* [Dataset content]:

#####

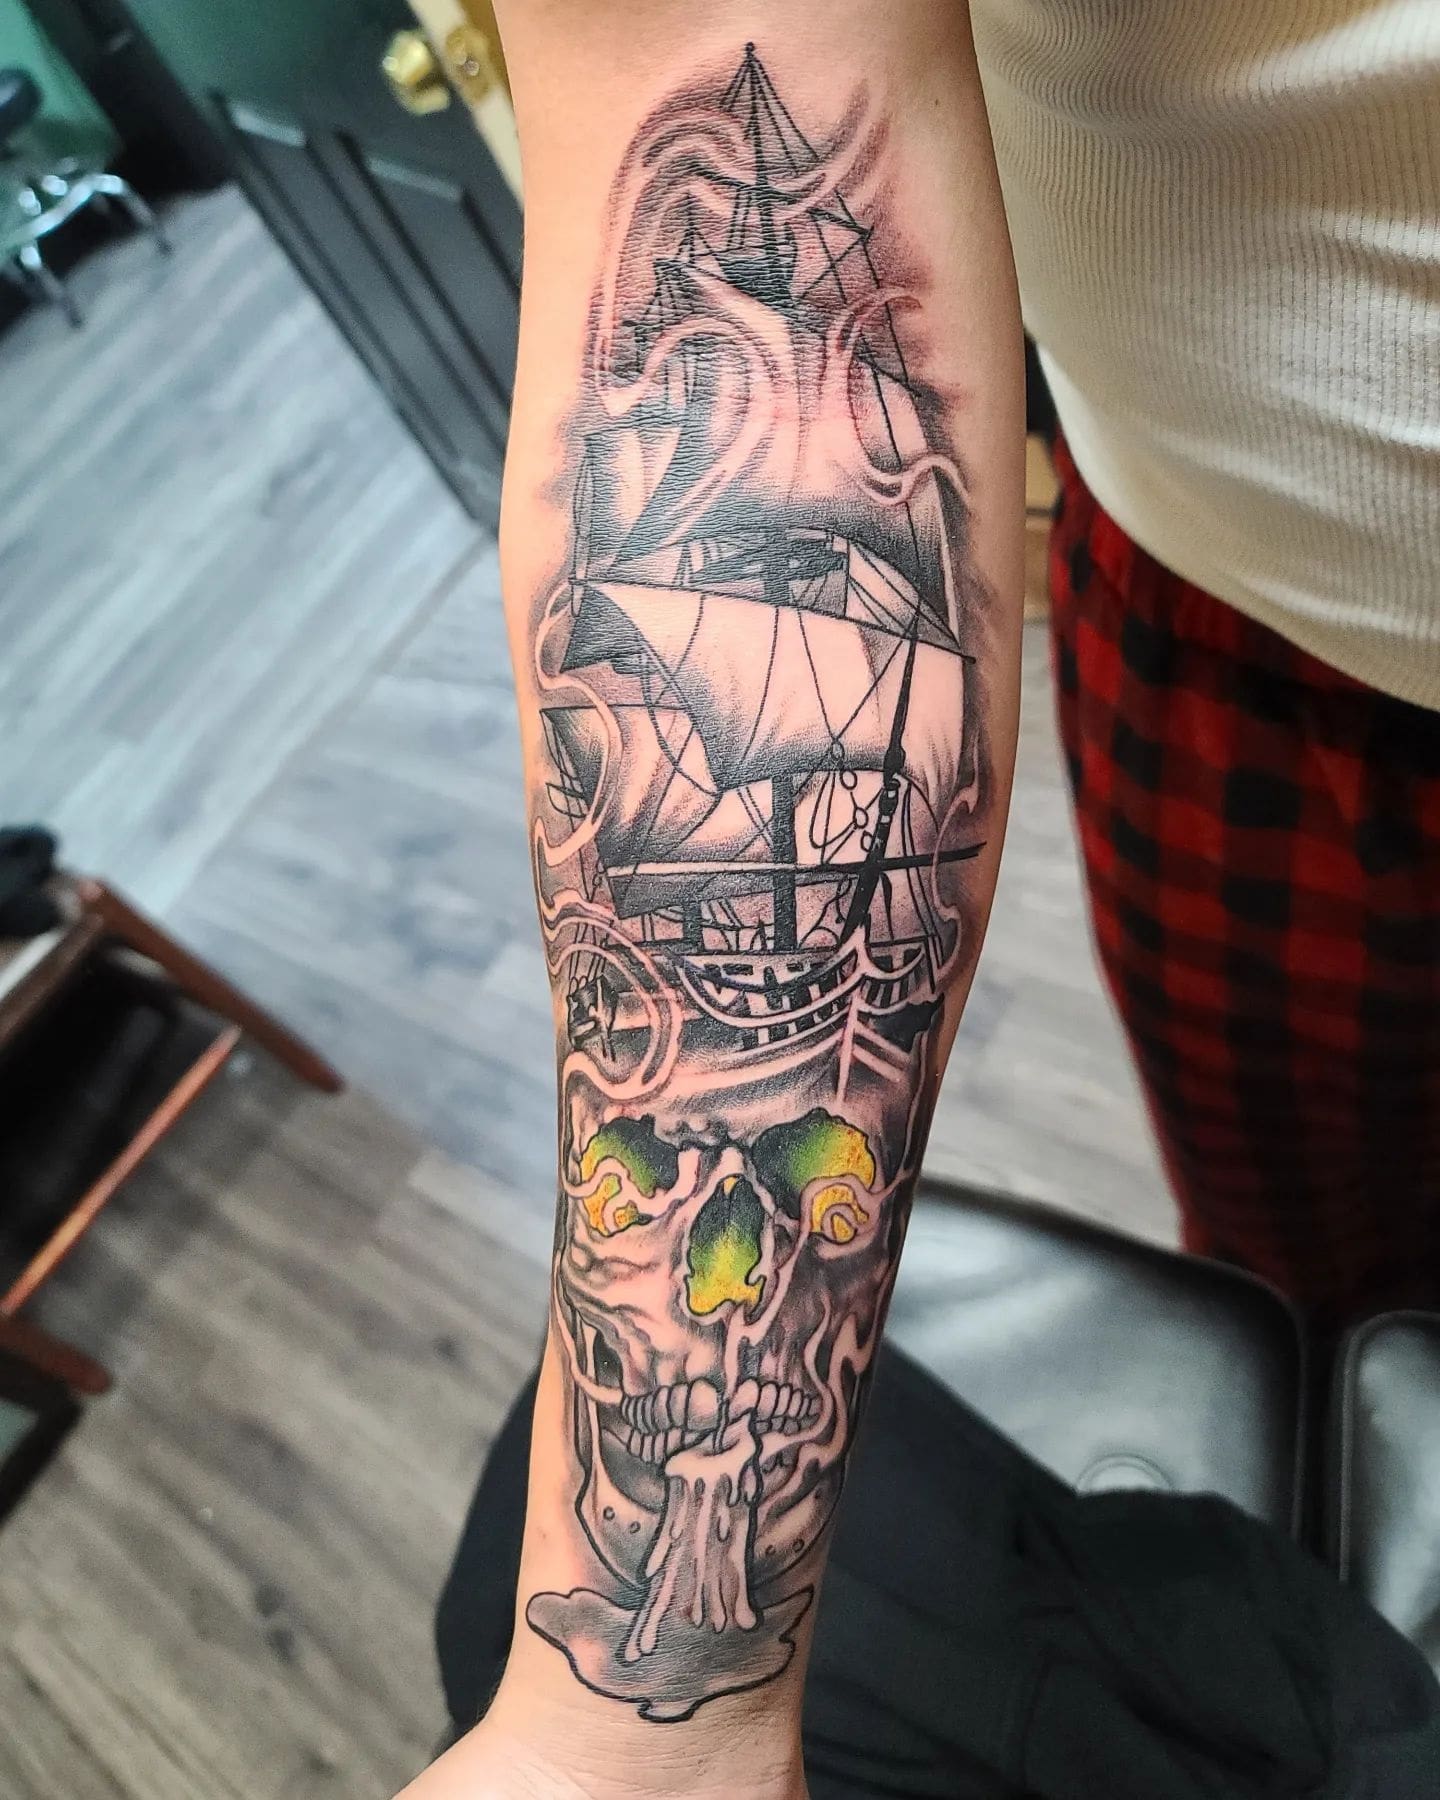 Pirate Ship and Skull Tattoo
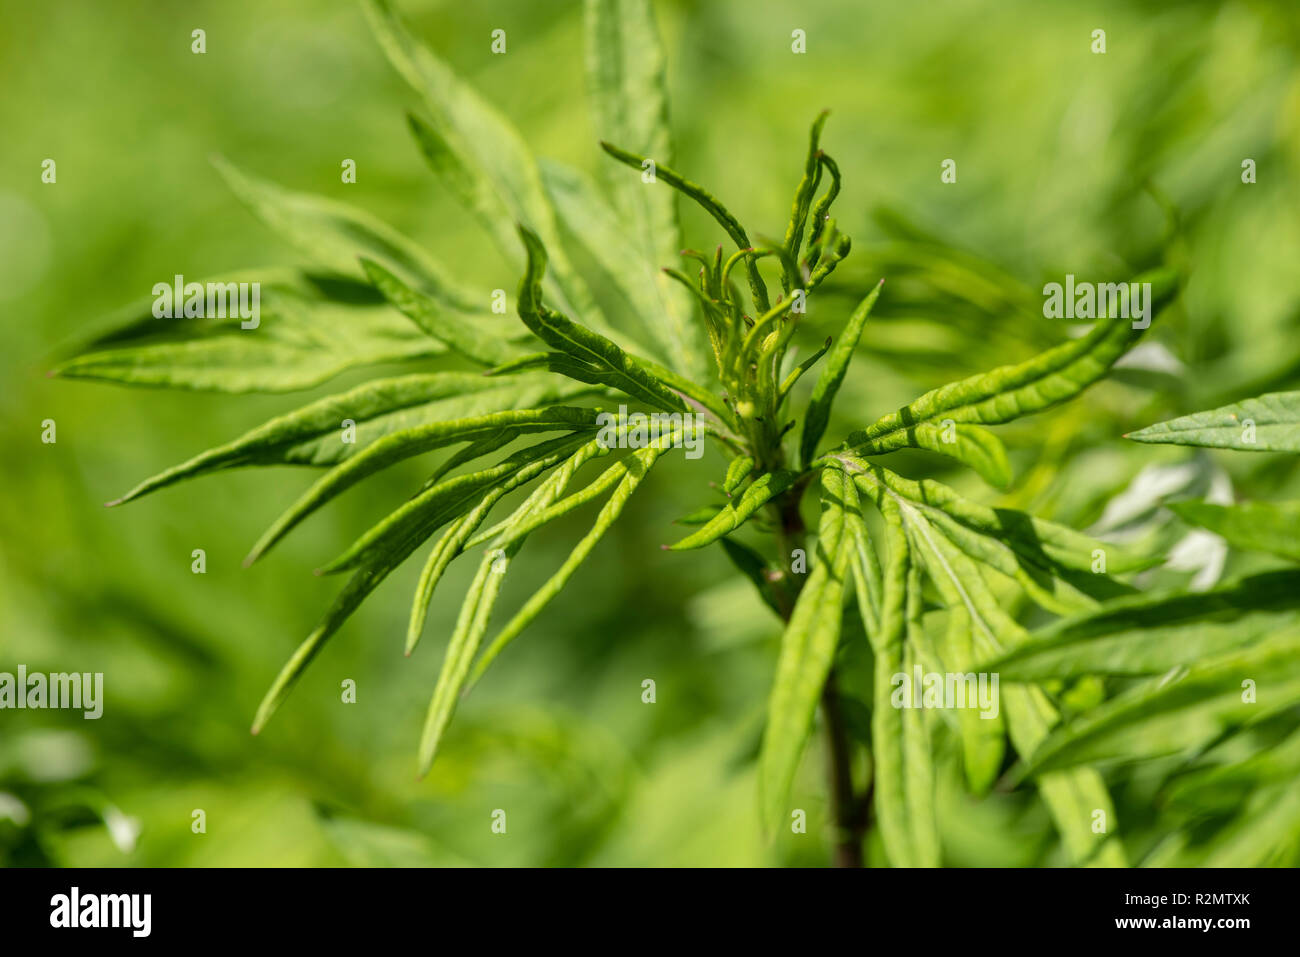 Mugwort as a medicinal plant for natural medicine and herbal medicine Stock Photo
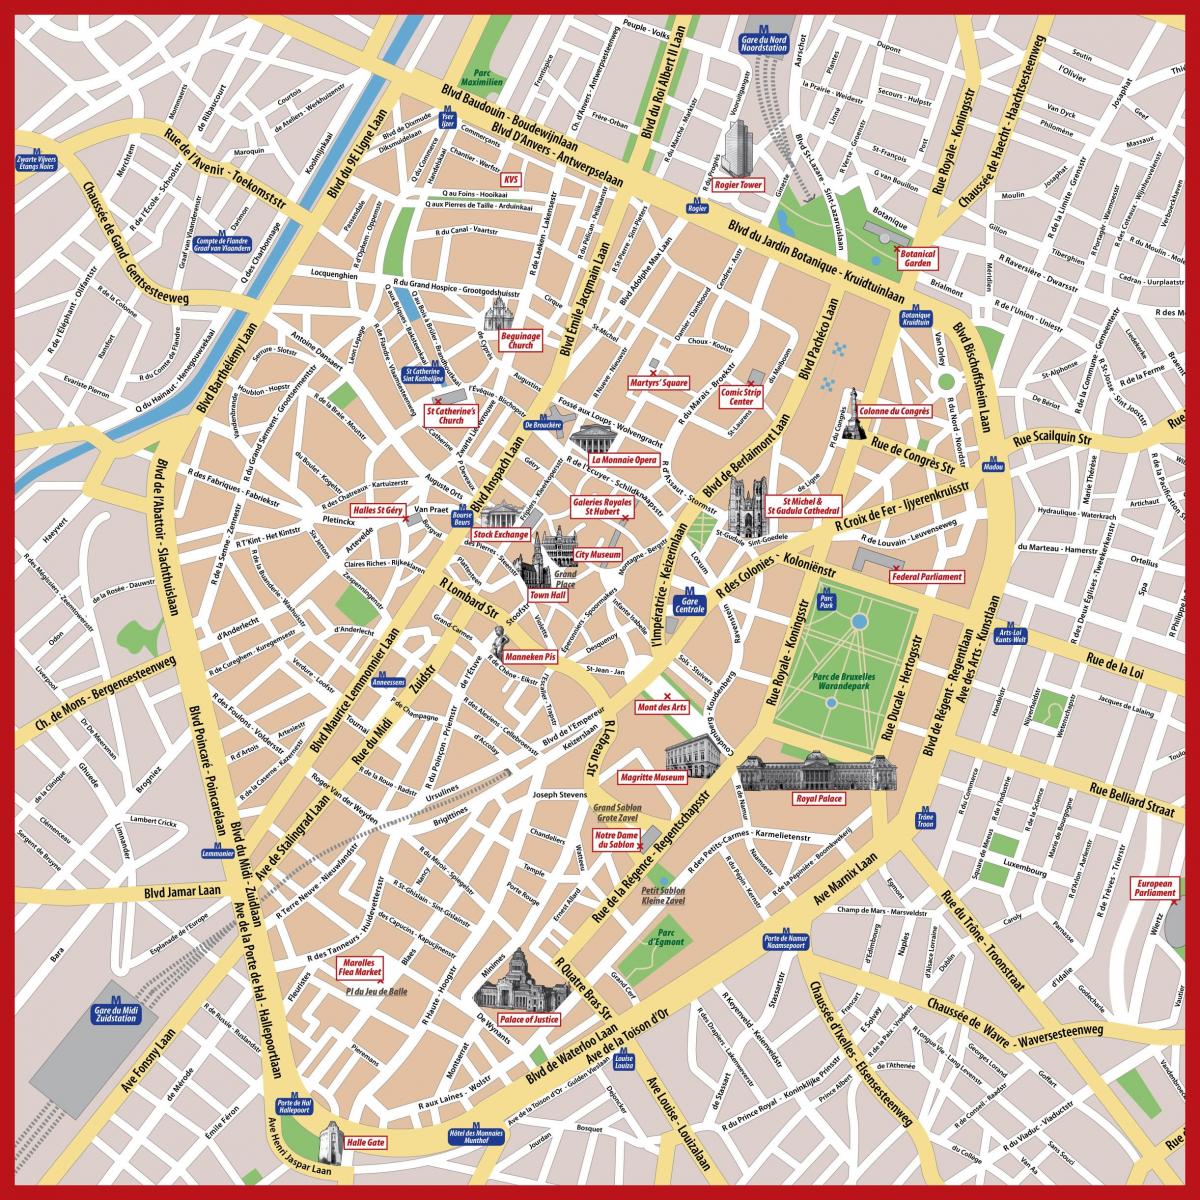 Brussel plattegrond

#####

Everything in the listing is to be returned word for word, except the pictures.

* [Reply to the exercise]:
 Pirate Ship and Skull Tattoo
 Mugwort as a medicinal plant for natural medicine and herbal medicine Stock Photo
 Brussel plattegrond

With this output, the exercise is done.